How to make your system robust against your worst nightmare–your future self

In this post, I talk about some strategies that I’ve learned to simplify class structures in Java services that load and persist data into data stores like DynamoDB or RDS at the same time making the codebase safer.

As always, my opinions are my own.

At Amazon, I ended up joining two teams that were suffering under the technical debt. Each time, I was asked to spend some time understanding why the products were unstable and users were encountering frequent bugs. In one system, responsible for managing critical metadata about products in the catalog, was experiencing problems where users were reporting that they’d randomly lose data.

A service that was losing client data is a terrible service and caused users to lose trust in this system. Note that some details of this story have been modified for confidentiality reasons. Let’s dive in.

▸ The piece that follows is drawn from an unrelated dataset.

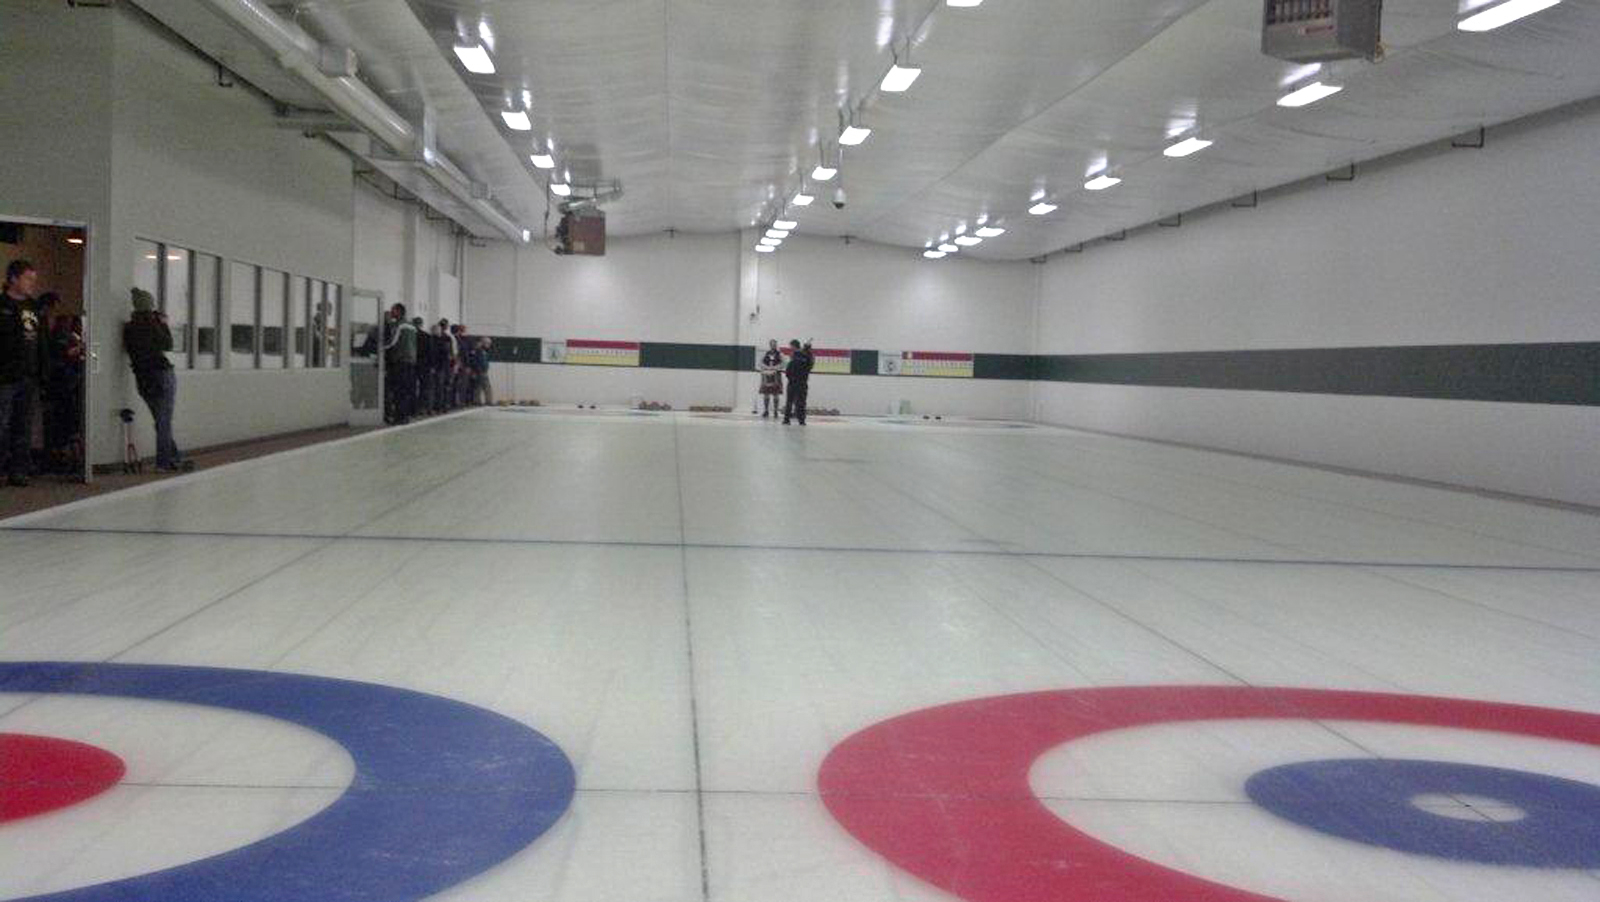 The Evergreen Curling Club, which had its first home in Vancouver, has opened a new facility in Beaverton.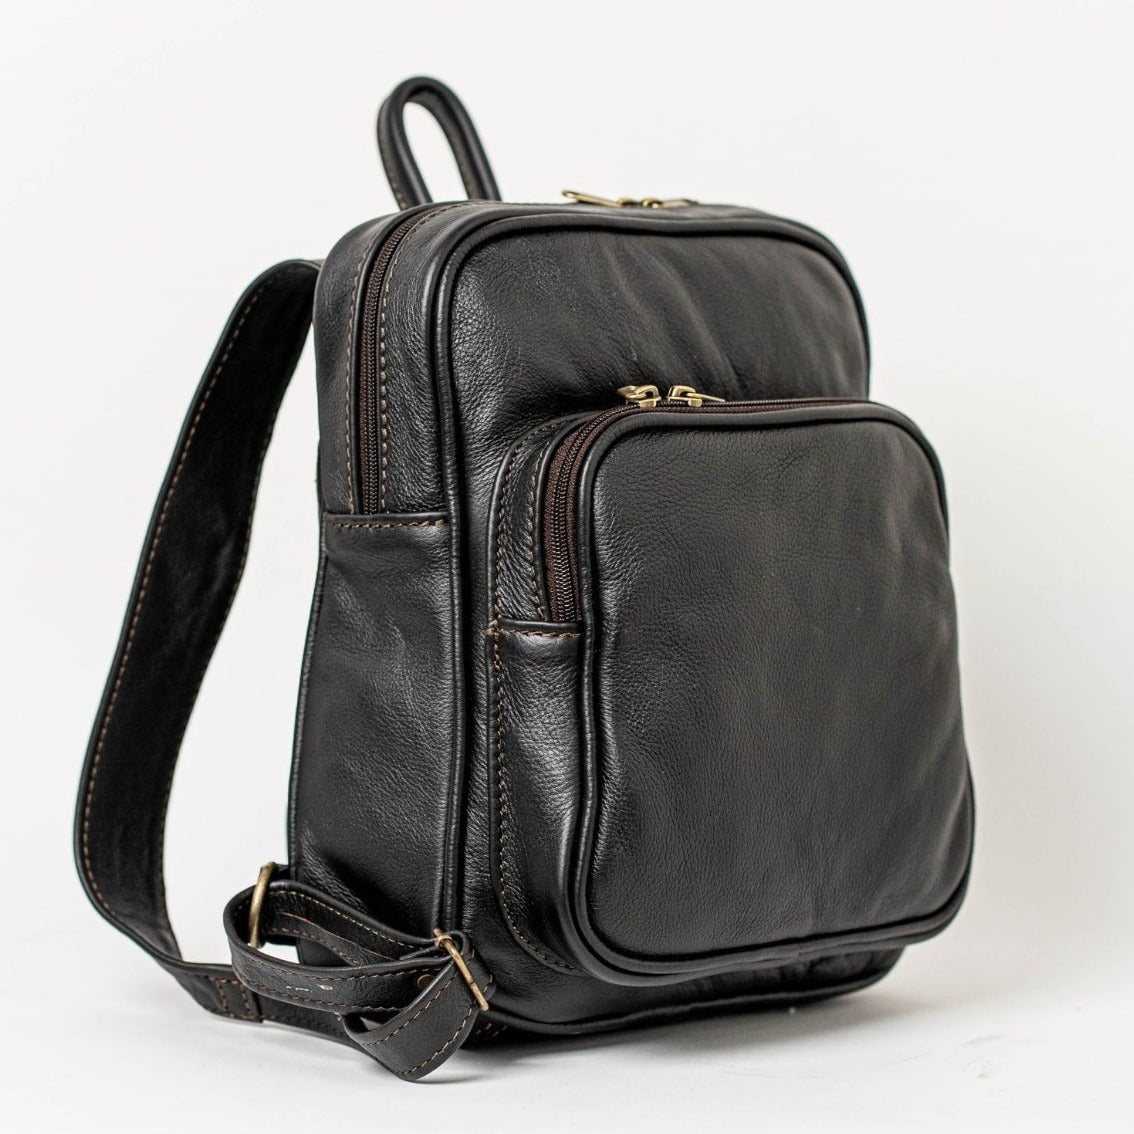 Everyday leather Backpacks in dark brown colour from cape Masai leather

Cognitive complexity in software engineering is the effort that one has to spend to understand and modify a code base or system. The abstractions we use and APIs we expose are a big part in increasing or decreasing this mental burden.

Background

In this system inspired by real life, there was a web UI that called into a REST service which then persisted data into a graph database, AWS Neptune.

The primary data in this system was a Project which included a number of Values both containing a variety of different fields. The data was stored in a graph database in AWS Neptune and the service used Eclipse rdf4j as a high-level ORM that mapped Java classes into the SPARQL queries (SPARQL is the language used to query and mutate Neptune databases.)

Problems in every interface layer

There were many problems with this system. First, the service used rdf4j to save the entire Project entity to the database. The query language, SPARQL, only gave guarantees about transactions at a per triple level (effectively a entity column or field level), but for updates spanning multiple columns/fields, any concurrency would just cause broken consistency. Neptune was the wrong choice for this problem.

Second, the REST service didn’t expose fine-grained edit APIs to apply business logic or mutate specific fields on the objects. Instead it exposed a single giant UpdateProject API in which the client-side JS code would make changes to the record locally, then persist it to the service. Combined with the above, the likelihood of corruption was high.

Third, (the point of this post) the Project entity class was written exactly like rdf4j needed to persist.

The class looked something like this:

 1
 2
 3
 4
 5
 6
 7
 8
 9
10
11
12
13
14
15
16
17
18
19
20
21
22
23
24
25
26

// Lombok that auto creates get* and set* methods for all fields
@Getter
@Setter
// Special sauce for rdf4j so it knows how to save to the graph DB
@RDFBean(IRIs.PROJECT)
class ProjectRdf {
  @RDF(IRIs.PROJECTID)
  private String id;

  // Nested objects
  @RDF(IRIs.VALUES)
  private Set<Value> values;

  // Effectively a map of [X -> State], but modeled as a set of tuples
  @RDF(IRIs.STATES)
  private Set<Literal> states;

  @RDF(IRIs.LAST_MODIFIED)
  private long lastModified;

  // Many more fields

  private void validate() {
     // A big method that attempted to validate every different problem
  }
}

There were a few key problems:

The object tried to be immutable, but the object itself didn’t handle cloning. Instead the calling code had to construct a new instance copying fields and changing as it went. This was inconsistently applied and every place that modified the object ended up being lots of boilerplate to clone and mutate.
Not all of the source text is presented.